- **Input data**
________________

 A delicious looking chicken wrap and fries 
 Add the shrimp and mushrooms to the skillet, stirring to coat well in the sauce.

________________

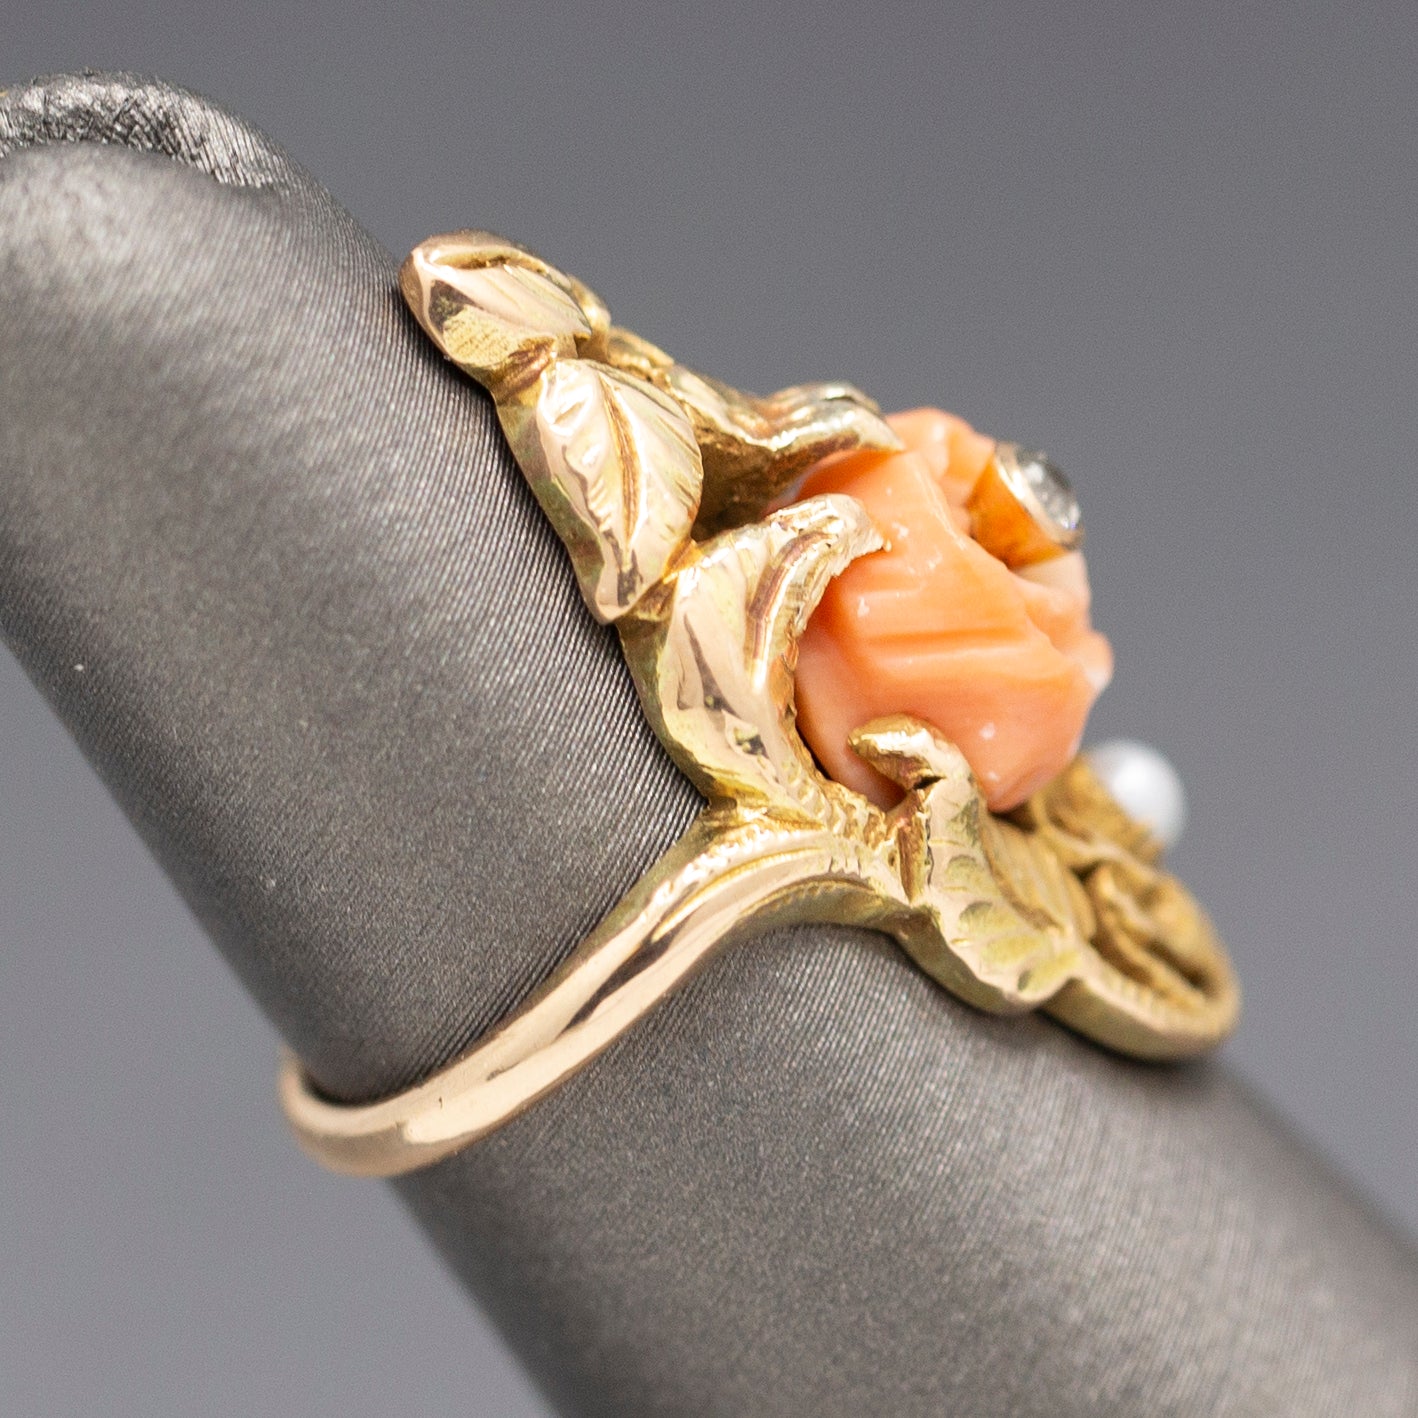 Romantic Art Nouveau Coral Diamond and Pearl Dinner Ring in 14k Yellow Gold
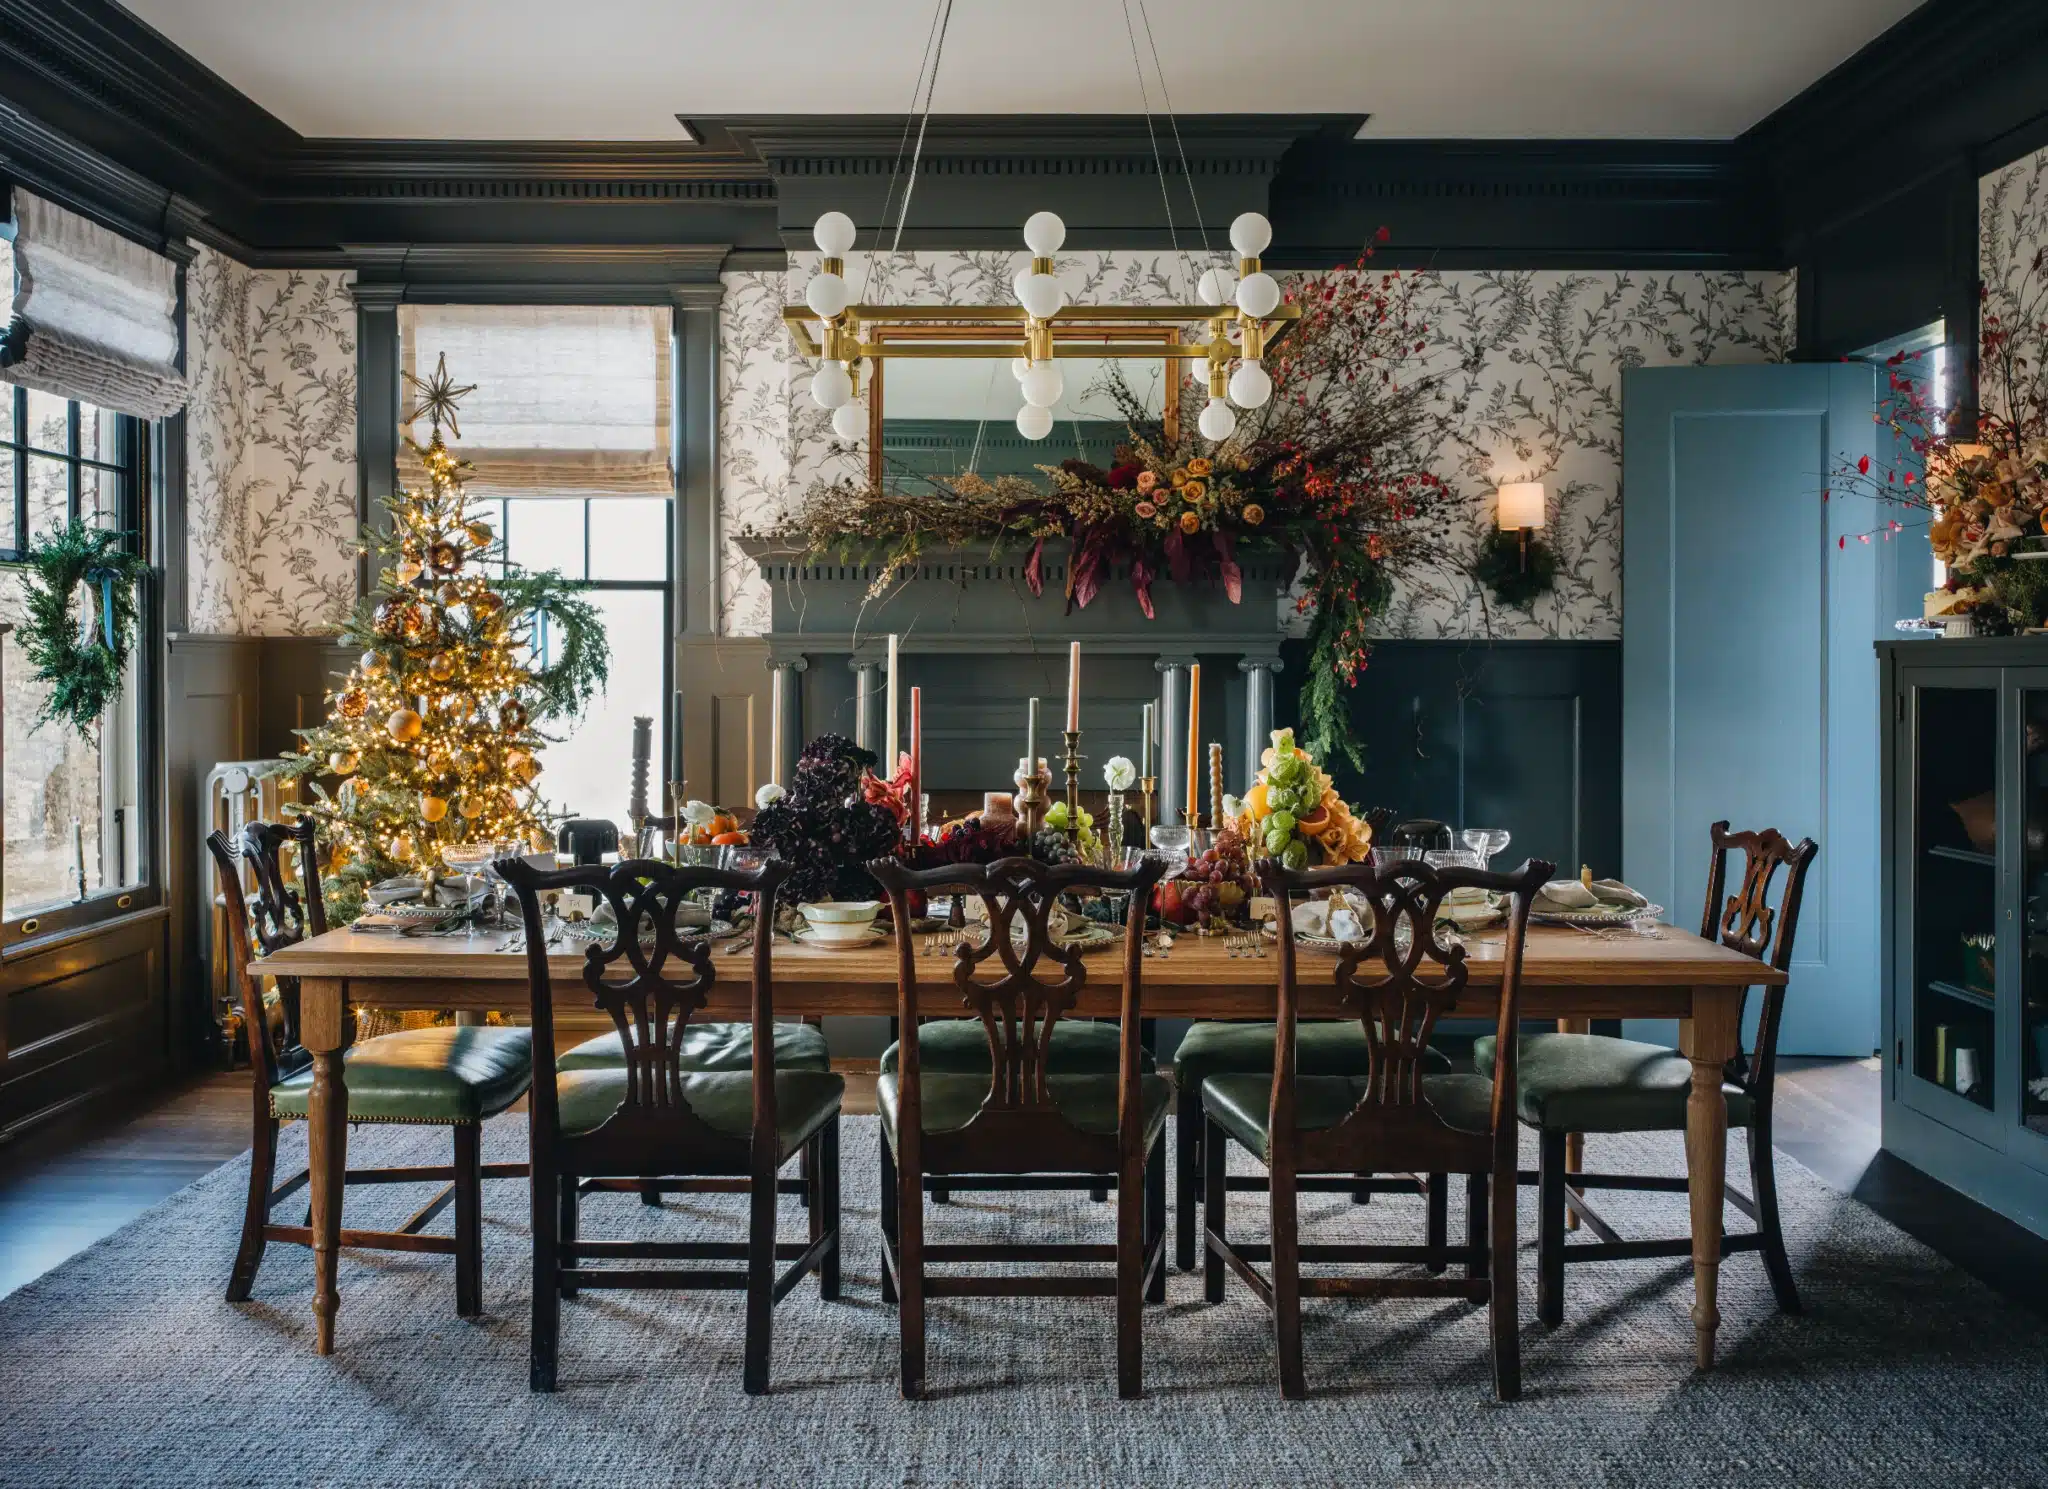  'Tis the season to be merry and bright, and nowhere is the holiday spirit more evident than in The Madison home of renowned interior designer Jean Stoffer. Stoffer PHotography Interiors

________________

- **Task requirements**
When the line with "A delicious looking chicken wrap and fries" is reached in the data above, begin copying, and stop after the line with "Add the shrimp"; copy each line exactly, both ends included.

- **Task response**
 A delicious looking chicken wrap and fries 
 Add the shrimp and mushrooms to the skillet, stirring to coat well in the sauce.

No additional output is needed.